Uma crônica, crônica
sexta-feira, outubro 01, 2010Bom dia. O gosto salgado e amargo do choro invade a boca, o diazepam não faz efeito quando estamos no limiar: loucura e lucidez. É daquelas loucuras de pior espécie, cínica e obsessiva no açoite das verdades rudes. Depois do café quente, que desce rasgando a garganta, sinto a ferrugem que me invade e consome no prazer individual de dedilhar o violão. O que me assombra não é o fantasma dos amores que nunca deram certo, o medo alucinante que me tomba o corpo gelado é a lembrança da menina que vive de rua em rua, a pedir moedas. É quinta-feira, o relógio, que em cada badalada acompanha o tilintar das moedinhas que caem nas mãos da criança suja, marca cinco horas na capital silenciosa. Ela tem algo de unha nos dedinhos machucados e imundos. Está doente. Ela me estende as mãos, não no ato de quem oferece, mas pede que eu lhe entregue alguma coisa. Penso que existem dois monstros que corroem corpos e almas. Ao primeiro chamamos de fome; ao segundo, indiferença. Particularmente, não sou do tipo que dá esmola.
Do outro lado da rua está mãe da criança, eu deduzo pela voz da intuição – os olhos oblíquos são os mesmos. A lógica do tempo perde o compasso, o pensamento é caos. Ela é esguia e lépida, mas não me vê, estou entre as árvores. Seu braço magro quase se entende e funde ao cigarro tingido pelo batom vermelho, ela tem uma beleza decadente, deprimida. Ela mexe e as mãos e os lábios para que a fala seja inaudível. Com vontade, ela diz. Entendo o fotografo, em seu congelar do retrato. Eu congelei, como num retrato, o movimento daquela mulher. Ela pede à filha que peça com mais vontade. Eu peço a morte e acordo do coma. Jogo as moedas, como o apostador azarado. Corro, covardemente, com medo de olhar para trás.
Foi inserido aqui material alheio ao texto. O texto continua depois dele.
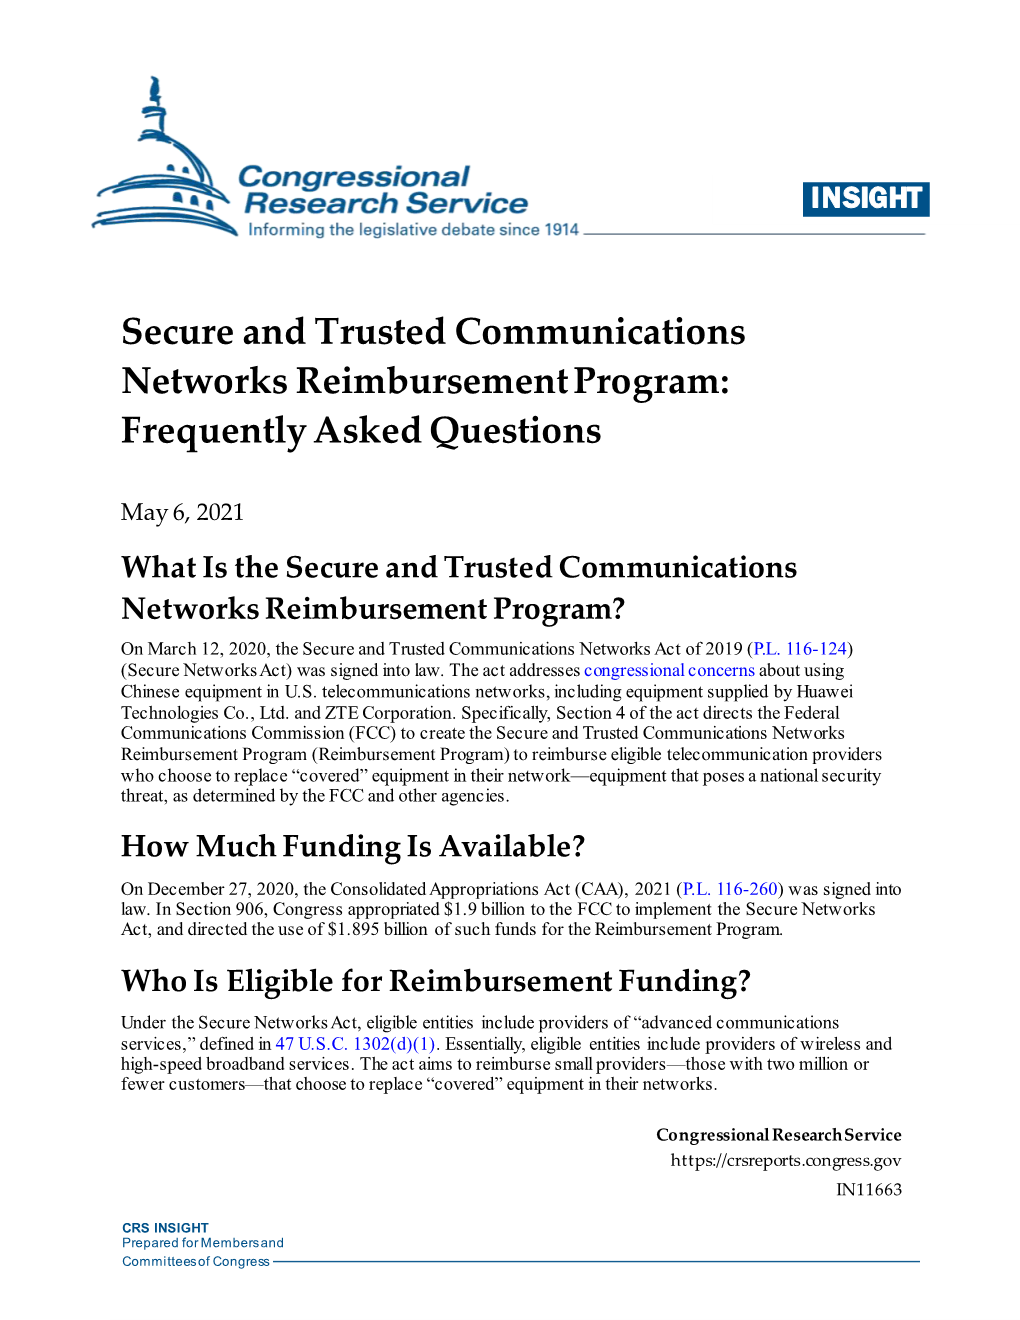 Secure and Trusted Communications Networks Reimbursement Program: Frequently Asked Questions

Não é a dor que me entristece, ela é alimento para a solidão. É noite mais uma vez, o manto negro pode consolar um espírito demente. O terreno do sonho é inóspito e conhecido, o pavor dos sonhos que se repetem no mágico assombro inconsciente. Me lembro a primeira vez que visitei o lugar. Eu era criança e rezava, tinha tanto medo que às vezes dormia agarrada no terço, como um cobertor espiritual. Que doce engano, todos os sonhos eram pesadelos. Naquela época eu rezava pela minha família e por todos os conhecidos, me chamavam de altruísta. Com o tempo a reza era para mim e minhas questões particulares, hoje me chamam de outros “ístas” que não convém a minha imagem pronunciar. É um terreno arenoso e o céu é um espelho da imensidão estrelada dos pequenos grãos de areia. A criança me chama, ela está doente. Dessa vez, pego-a no colo e quando olho em seus olhos me enxergo. Eu sou a criança. Novamente corro e chego a uma porta gigantesca. Quem me espera para o julgamento é Janus, o deus romano de duas faces, que vislumbra o futuro e sabe de todo passado. A indecisão de em que lado ficar se assemelha a minha vida consciente. Ele segura as portas e conduz ao julgamento divino. É o terror noturno, que o louco chama de velocidade terrível da queda. Os deuses me arremessam ao abismo vertiginoso, a queda é eminente, o grito inevitável, meu corpo resvala nas lembranças. Agora sem coração, Janus grita do alto.
O apocalipse luminoso me desperta, é madrugada, o sol está querendo rasgar o céu. Ele está vermelho. Eu desperto num soluço calado pelo barulho da rua. Ponho-me a janela, corpos dançam, gargalhando, bebem, são solúveis em álcool. Seus corpos são engolidos com voracidade pela violência. Eu os invejo. Posso imaginar a mulher dançando magra, cigarro na ponta dos dedos, a fumaça enchendo seus pulmões, as cinzas caem no mesmo chão onde a criança se debruça para pegar as moedas caídas.
De súbito, coloco as mãos no peito. As mãos tremem, elas procuram desesperadamente sentir o coração batendo, indício de que o sonho foi só um sonho mesmo. Enfim consigo sentir os batimentos cardíacos. Lembro das palavras de uma das faces de Janus:
- O dia é sua condenação. É a dádiva e a perdição em manter-se lúcido e desperto.